2°/ à la société Mutuelle assurance des commerçants et industriels de France (MACIF), dont le siège est [...] ,

défenderesses à la cassation ;

Le demandeur invoque, à l'appui de son pourvoi, les deux moyens de cassation annexés au présent arrêt ; Vu la communication faite au procureur général ;

LA COUR, en l'audience publique du 15 mai 2019, où étaient présents : Mme Flise, président, M. Boiffin, conseiller rapporteur, M. Savatier, conseiller doyen, Mme Rosette, greffier de chambre ;

Sur le rapport de M. Boiffin, conseiller, les observations de la SCP Waquet, Farge et Hazan, avocat de M. U..., l'avis de M. Grignon Dumoulin, avocat général, et après en avoir délibéré conformément à la loi ;

Donne acte à M. U... du désistement de son pourvoi en ce qu'il est dirigé contre la société d'assurances mutuelles La MACIF ;

Sur le premier moyen, pris en ses trois branches réunies :

Vu les articles 1 et 5 de la loi n° 85-677 du 5 juillet 1985 ;

Attendu que l'indemnisation d'une victime d'un accident de la circulation dans lequel est impliqué un véhicule terrestre à moteur ne peut être fondée que sur les dispositions d'ordre public de la loi du 5 juillet 1985 ; que le propriétaire de ce véhicule, même s'il en est resté gardien, peut demander au conducteur la réparation de son préjudice matériel sans avoir à prouver la faute de ce dernier ;

Attendu, selon le jugement attaqué, rendu en dernier ressort, que le véhicule de M. U..., dont celui-ci avait confié la conduite à Mme C... et dont il était passager, a été endommagé dans un accident de la circulation où ce véhicule était seul impliqué ; que M. U... a demandé à Mme C... la réparation de son préjudice matériel ;

Attendu que pour rejeter la demande, le jugement énonce que le préjudice invoqué par M. U... ne peut être indemnisé que si celui-ci, propriétaire et gardien présumé du véhicule, démontre l'existence d'une faute commise par Mme C..., conductrice, et retient que n'est pas prouvée une telle faute à l'origine du dommage subi par le véhicule ;

Qu'en statuant ainsi, le tribunal a violé les textes susvisés ;

PAR CES MOTIFS et sans qu'il y ait lieu de statuer sur le second moyen :

CASSE ET ANNULE, sauf en ce qu'il a déclaré recevable l'action de M. U..., le jugement rendu le 6 mars 2018, entre les parties, par le tribunal d'instance du Mans ; remet, en conséquence, sauf sur ce point, la cause et les parties dans l'état où elles se trouvaient avant ledit jugement et, pour être fait droit, les renvoie devant le tribunal d'instance de Laval ;

Condamne Mme C... aux dépens ;

Vu l'article 700 du code de procédure civile, condamne Mme C... à payer à M. U... la somme de 3 000 euros ; Dit que sur les diligences du procureur général près la Cour de cassation, le présent arrêt sera transmis pour être transcrit en marge ou à la suite du jugement partiellement cassé ;

Ainsi fait et jugé par la Cour de cassation, deuxième chambre civile, et prononcé par le président en son audience publique du treize juin deux mille dix-neuf. MOYENS ANNEXES au présent arrêt

Moyens produits par la SCP Waquet, Farge et Hazan, avocat aux Conseils, pour M. U...

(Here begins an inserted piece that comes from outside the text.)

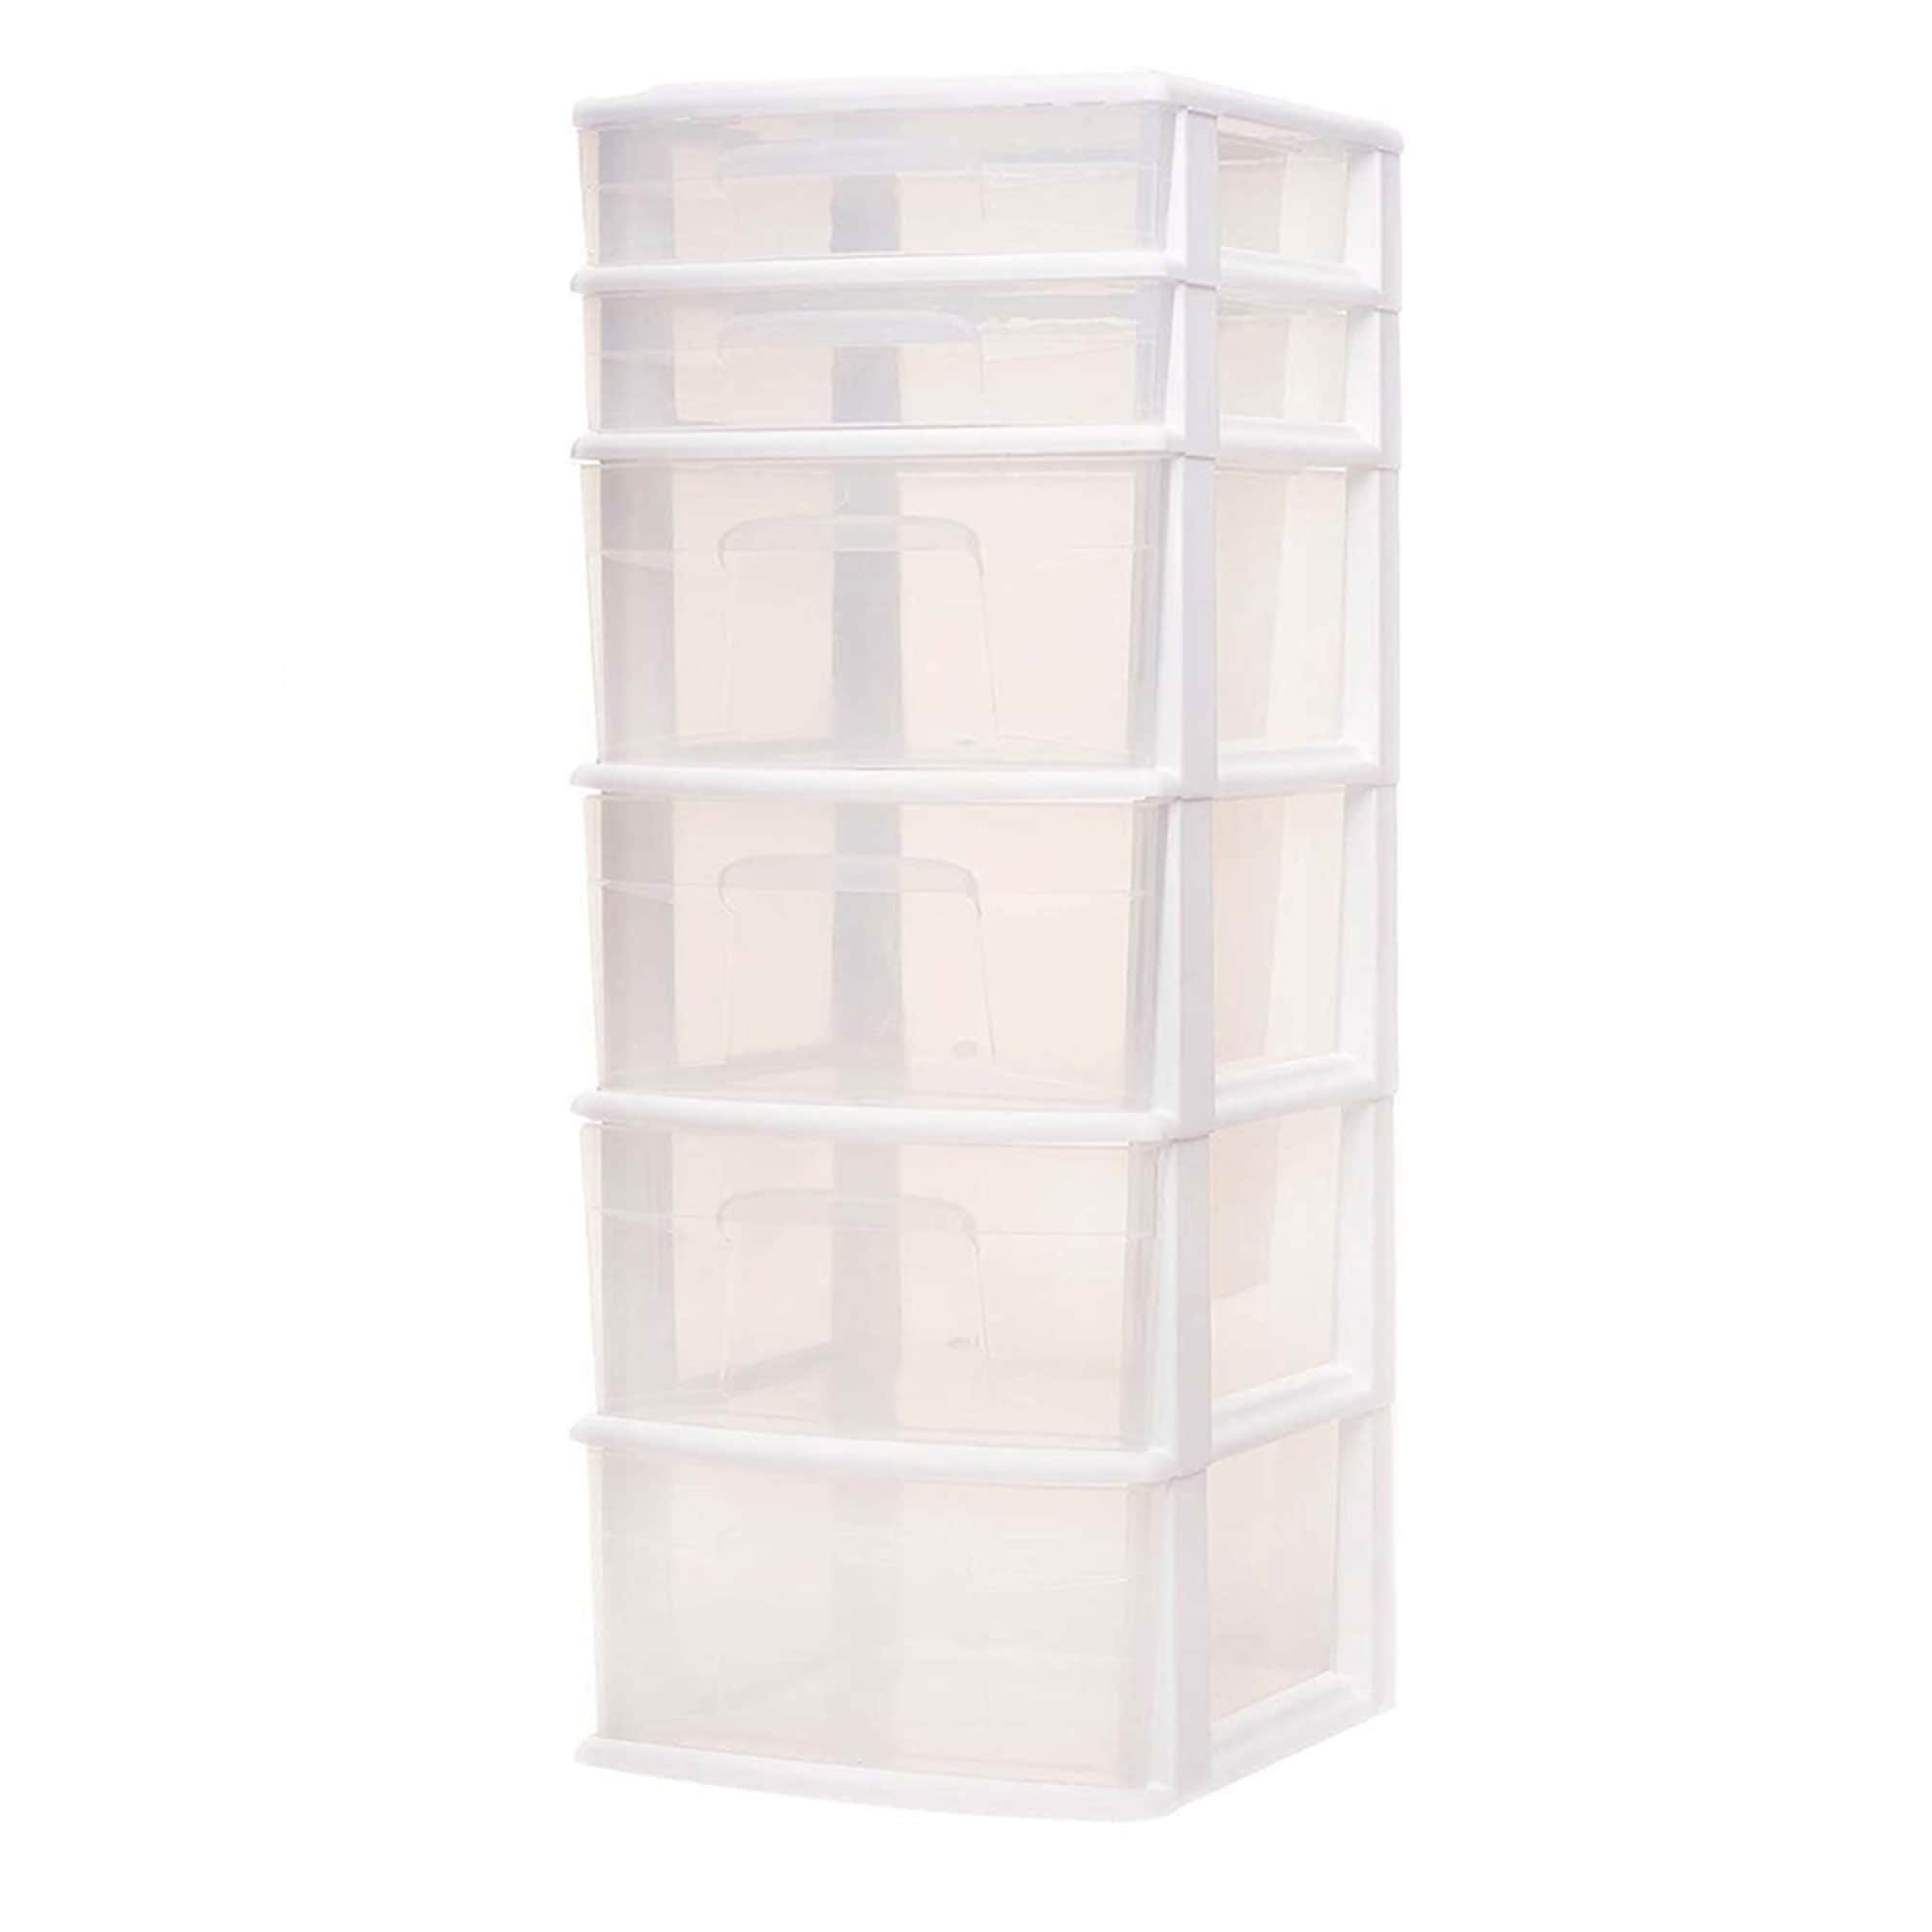 Homz Plastic 6 Clear Drawer Medium Home Organization Storage

PREMIER MOYEN DE CASSATION

IL EST FAIT GRIEF au jugement attaqué D'AVOIR débouté M. U... de ses demandes tendant à l'engagement de la responsabilité de Mme C... ;

AUX MOTIFS QUE : « Selon l'article 1382 du Code civil, tout fait quelconque de l'homme, qui cause à autrui un dommage, oblige celui par la faute duquel il est arrivé, à le réparer.

L'indemnisation des victimes d'accident de la circulation est prévue par les dispositions de la loi n°85-677 du 5 juillet 1985.

Ainsi, au sens de l'article premier, l'indemnisation suppose l'implication d'au moins un véhicule terrestre à moteur.

Selon l'article 5, alinéa 2, lorsque le conducteur d'un véhicule terrestre à moteur n'en est pas le propriétaire, la faute de ce conducteur peut être opposée au propriétaire pour l'indemnisation des dommages causés à son véhicule. Le propriétaire dispose d'un recours contre le conducteur.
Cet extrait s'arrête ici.